Source material: Begin
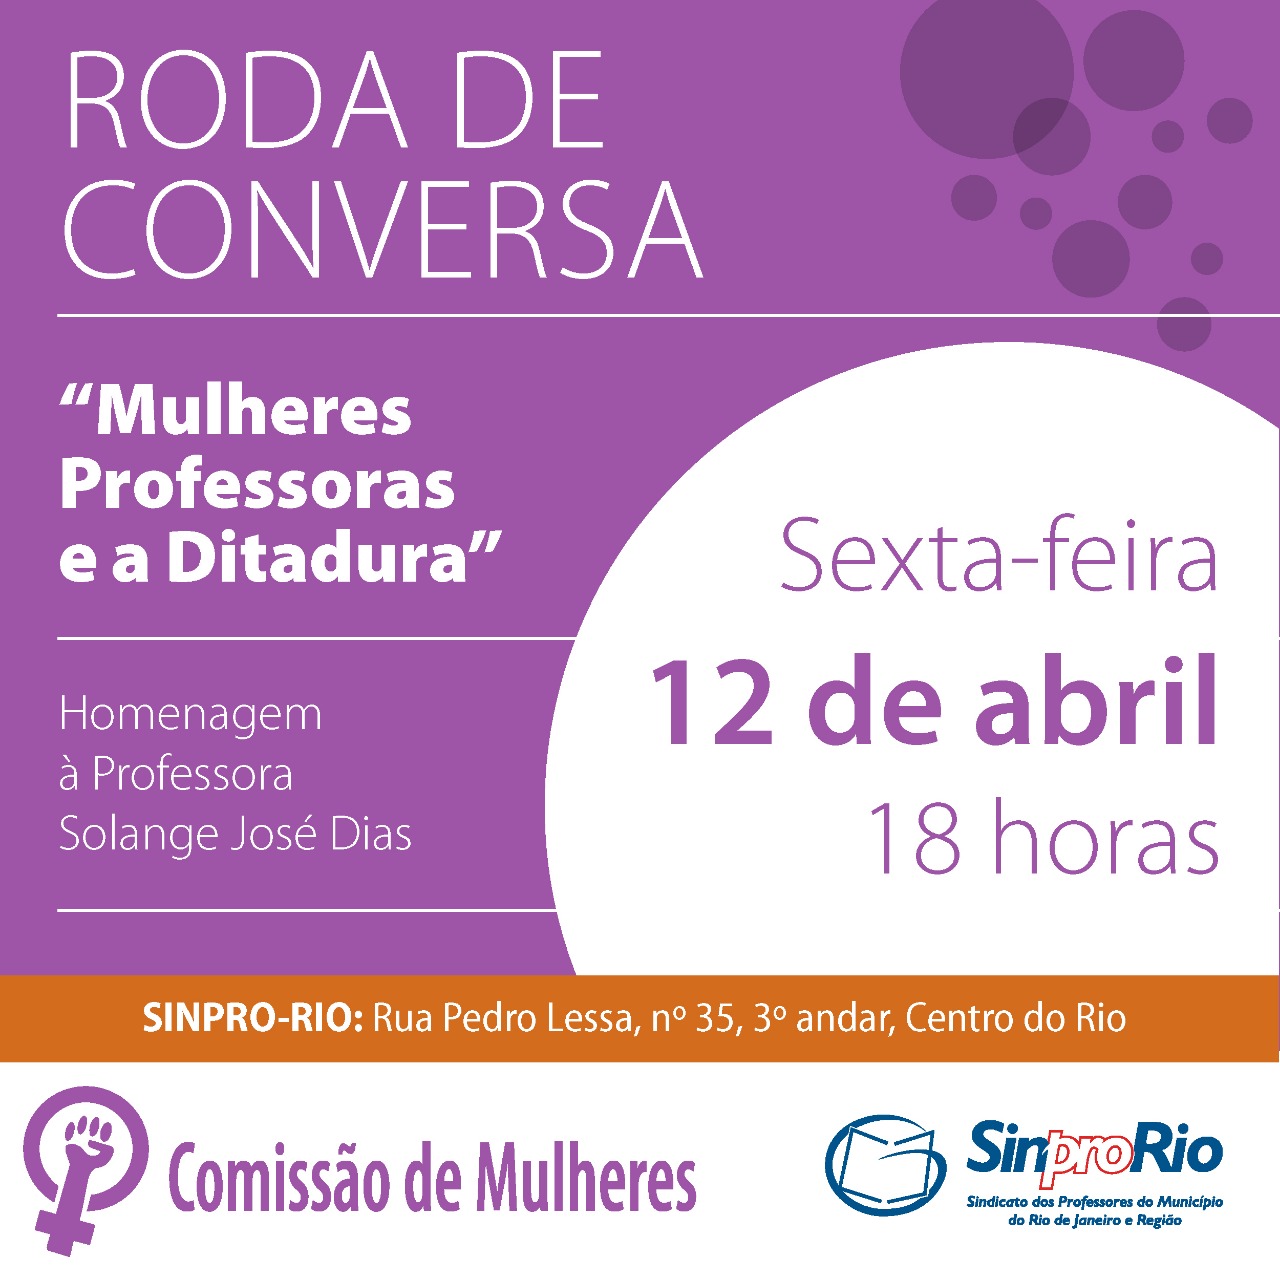 RODA DE CONVERSA “Mulheres Professoras e a Ditadura”.
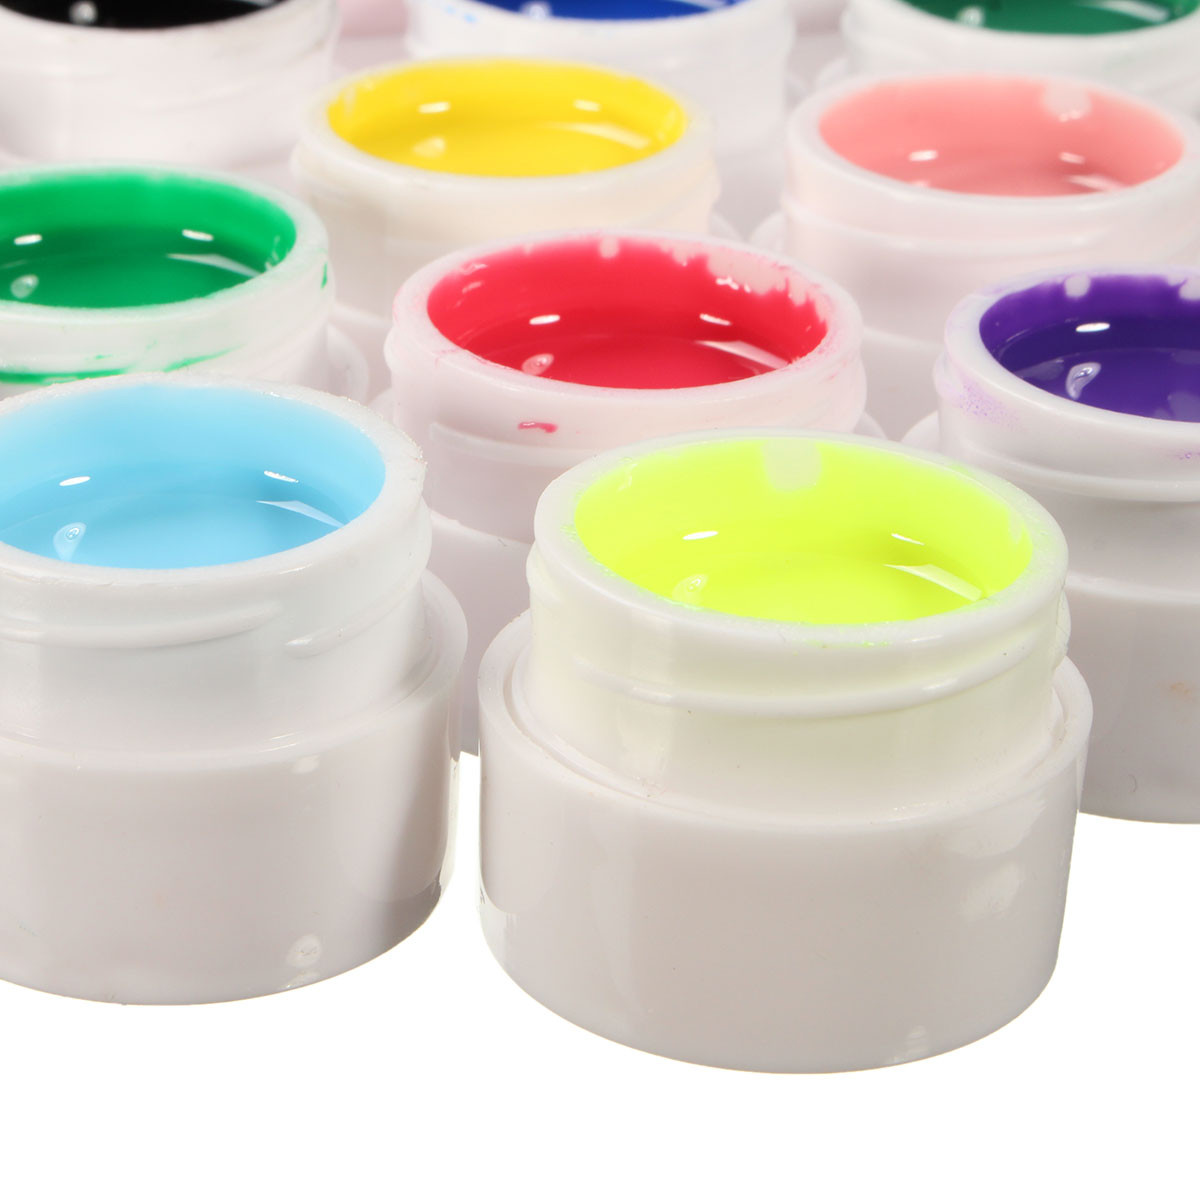 24-Colors-Pure-Manicure-Nail-Art-UV-Gel-Builder-Manicure-Decoration-Set-1037222
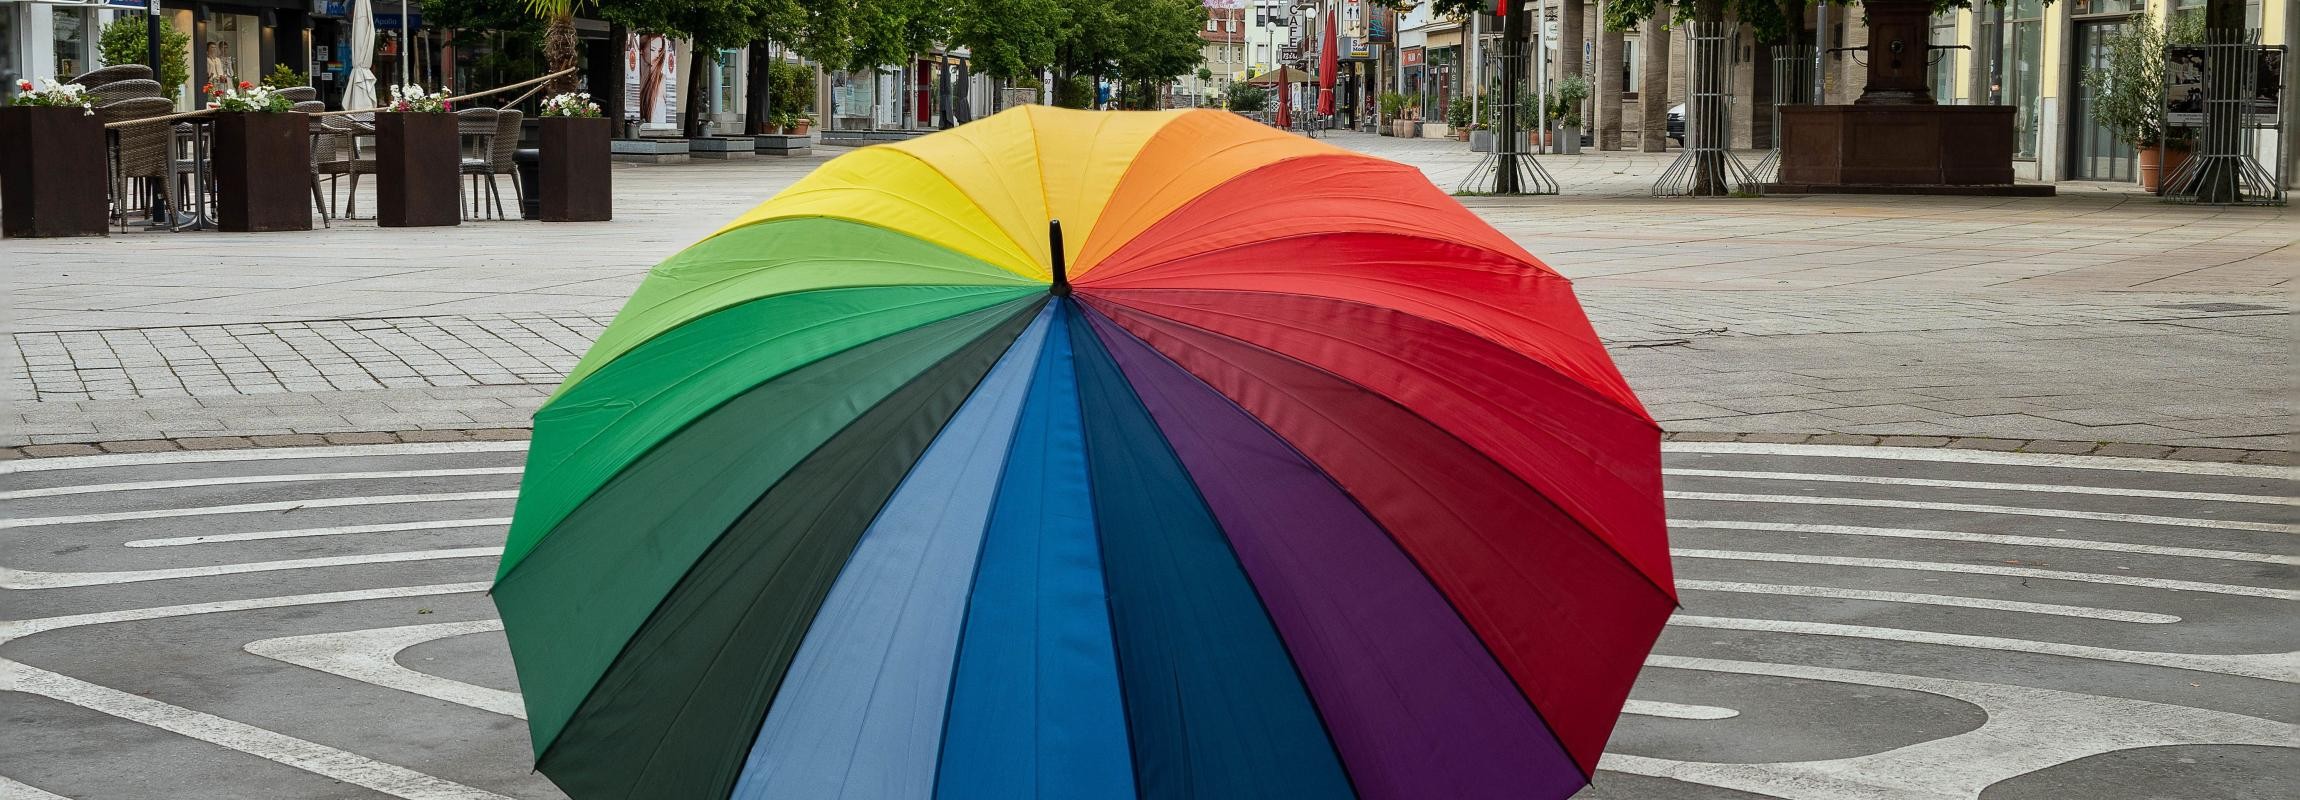 Bunter Regenschirm steht aufgespannt auf dem Marktplatz
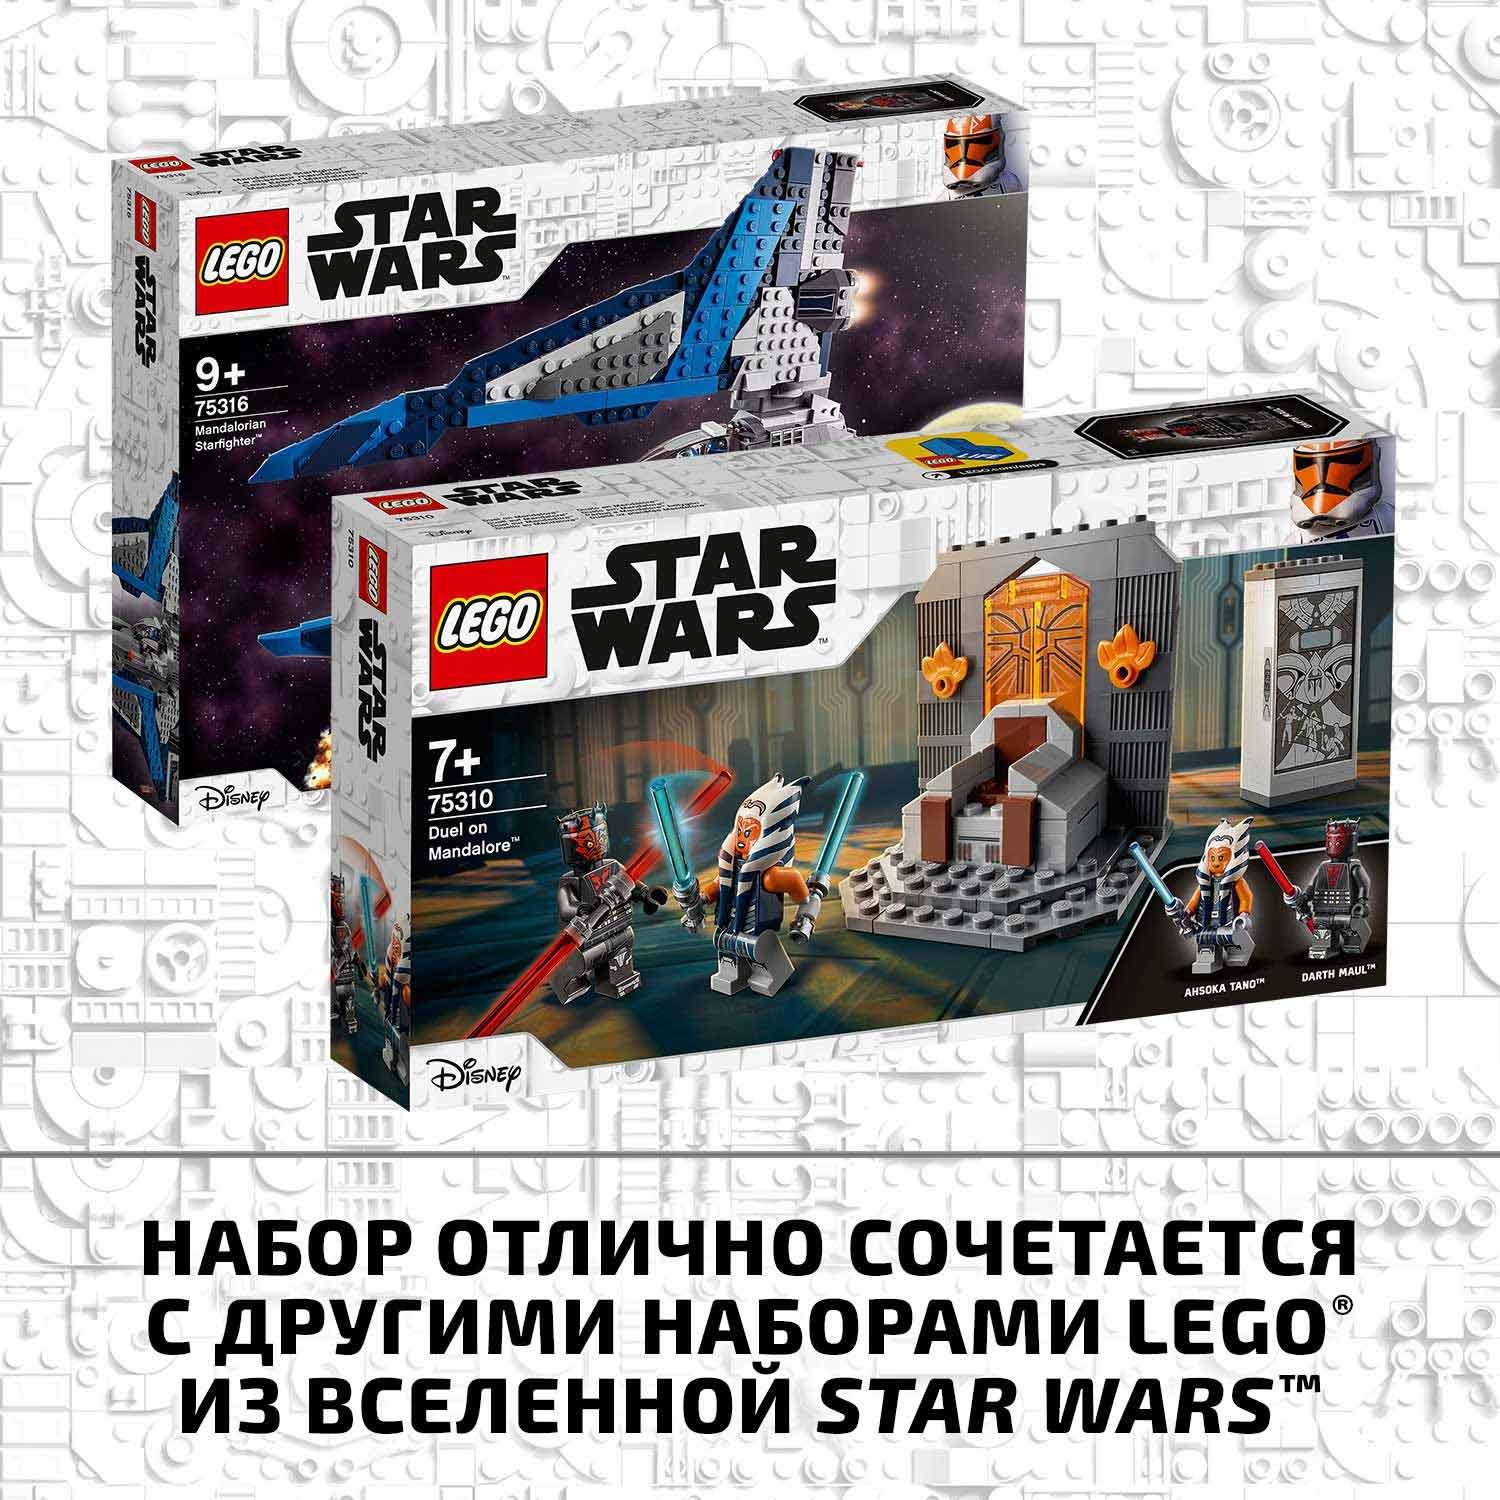 Конструктор LEGO Star Wars Дуэль на Мандалоре 75310 - фото 8
Source material: End
- Problem statement -
The answer should be the complete listing, set down exactly, without pictures.

- Answer space -
 RODA DE CONVERSA “Mulheres Professoras e a Ditadura”.
 24-Colors-Pure-Manicure-Nail-Art-UV-Gel-Builder-Manicure-Decoration-Set-1037222
 Bunter Regenschirm steht aufgespannt auf dem Marktplatz
 Конструктор LEGO Star Wars Дуэль на Мандалоре 75310 - фото 8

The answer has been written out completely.